Eskil Suter ne se voit plus vraiment en MotoGP mais ne baisse pas les bras pour autant.



Revenu en Grand Prix avec l’arrivée des Moto2 en 2010, Eskil Suter y a connu ses heures de gloire avec la première victoire de la catégorie (Shoya Tomizawa au Qatar) puis avec le titre de Marc Marquez en 2012. Au total, 32 victoires remportées en cinq années.

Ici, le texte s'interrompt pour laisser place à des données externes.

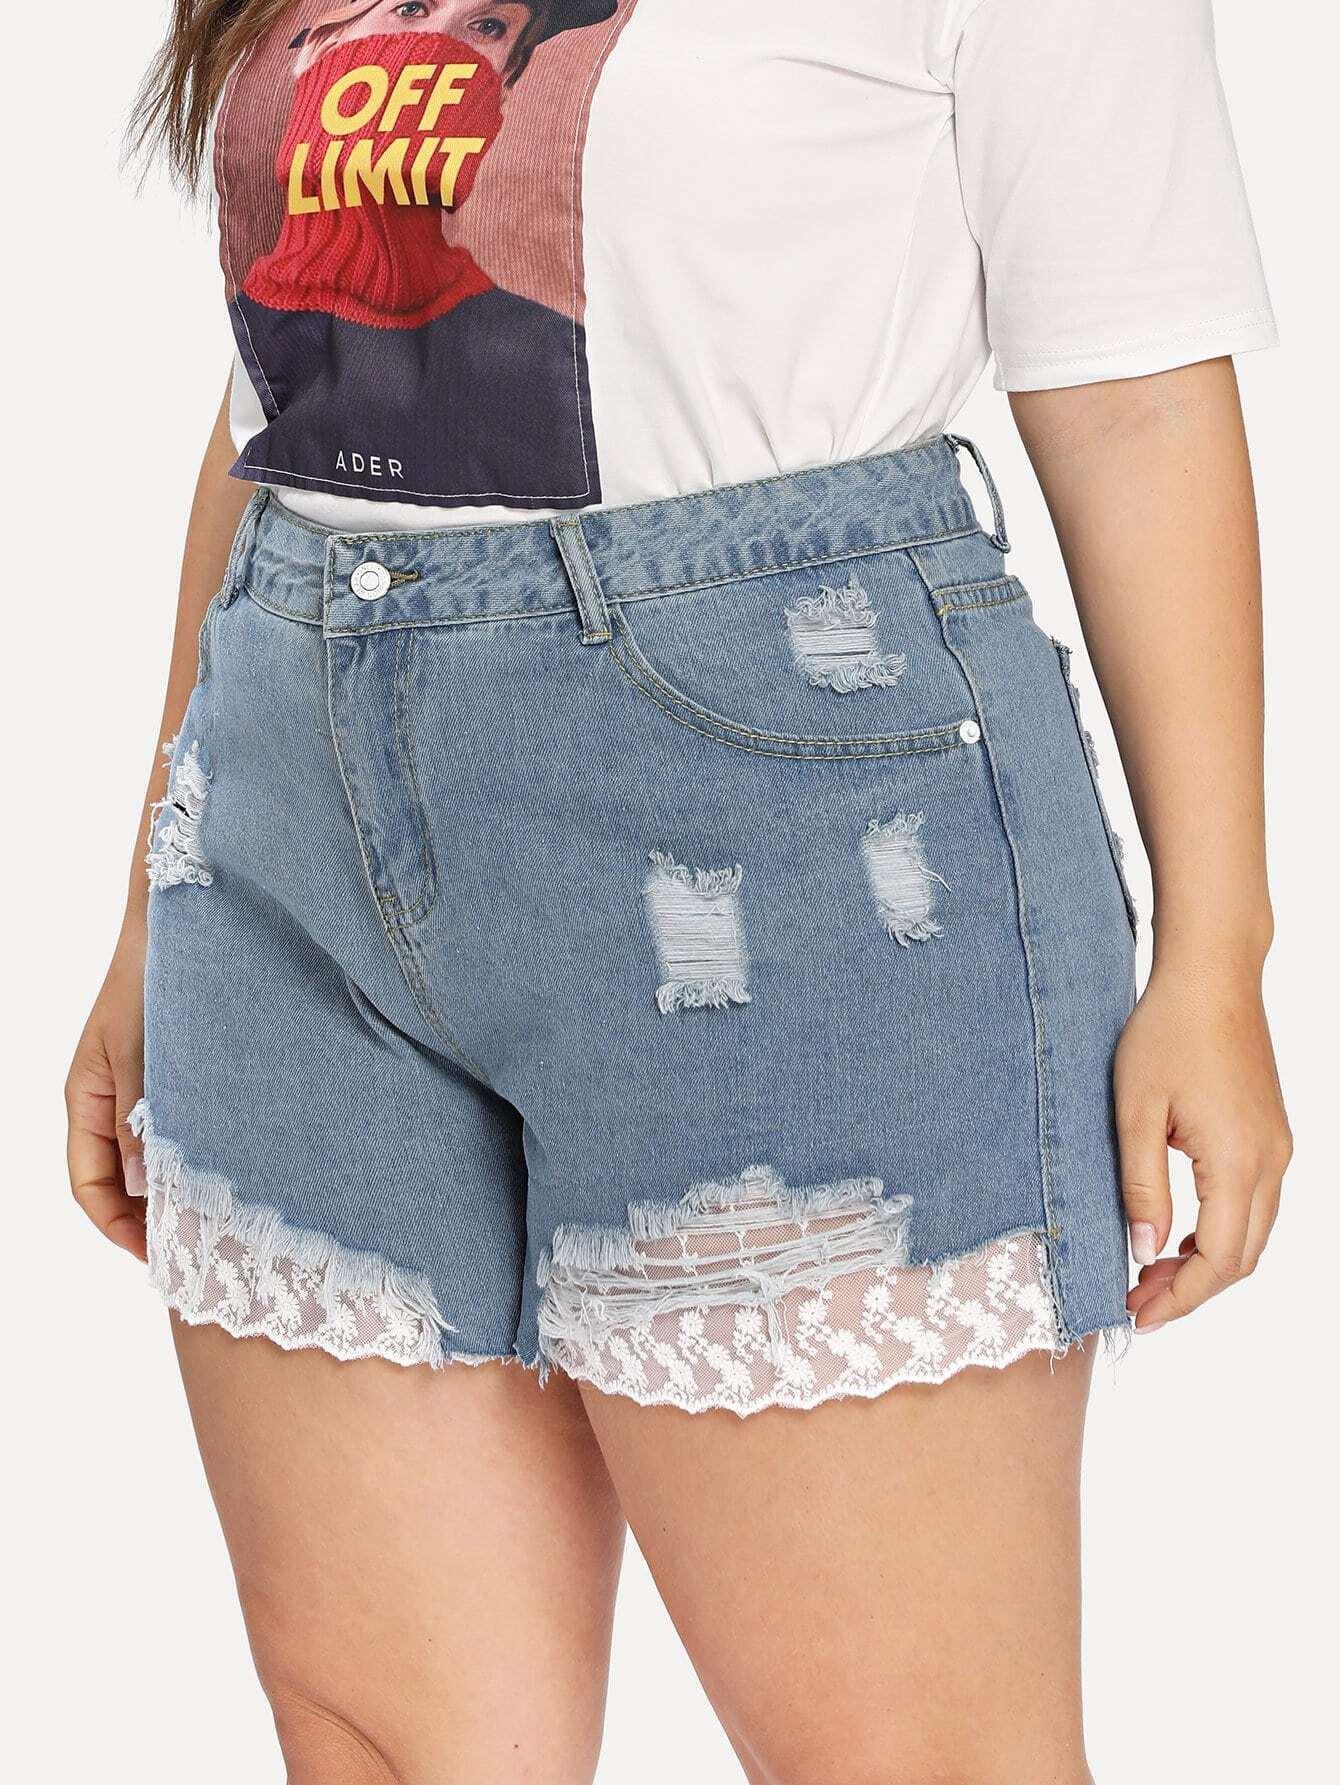 Embroidered Mesh Insert Distressed Denim Shorts distressed lace insert denim jeans

2012 marquait d’ailleurs une sorte d’apogée pour le constructeur de Turbenthal, dans le canton de Zurich, puisqu’il alignait également des châssis pour les moteurs BMW du team NGM Forward, espérant bien que l’usine bavaroise allait s’investir en MotoGP.

Depuis, malgré la conception-création des Mahindra et quelques fabrications pour Ducati en 2013, les clients se sont faits de moins en moins nombreux, en partie par effet de mode en Moto2, en partie par abandon des projets en MotoGP.

En 2015, outre les neuf pilotes Mahindra en Moto3 ( les modèles 2015 semblent s’être révélées très performantes lors des derniers tests 2014), seuls Florian Alt et Ali Zaqhwan Zaidi tenteront de faire briller les couleurs de Suter Racing Technology en Moto2; autant dire qu’elles risquent briller un peu moins fort qu’avec Luthi, Aegerter ou Zarco!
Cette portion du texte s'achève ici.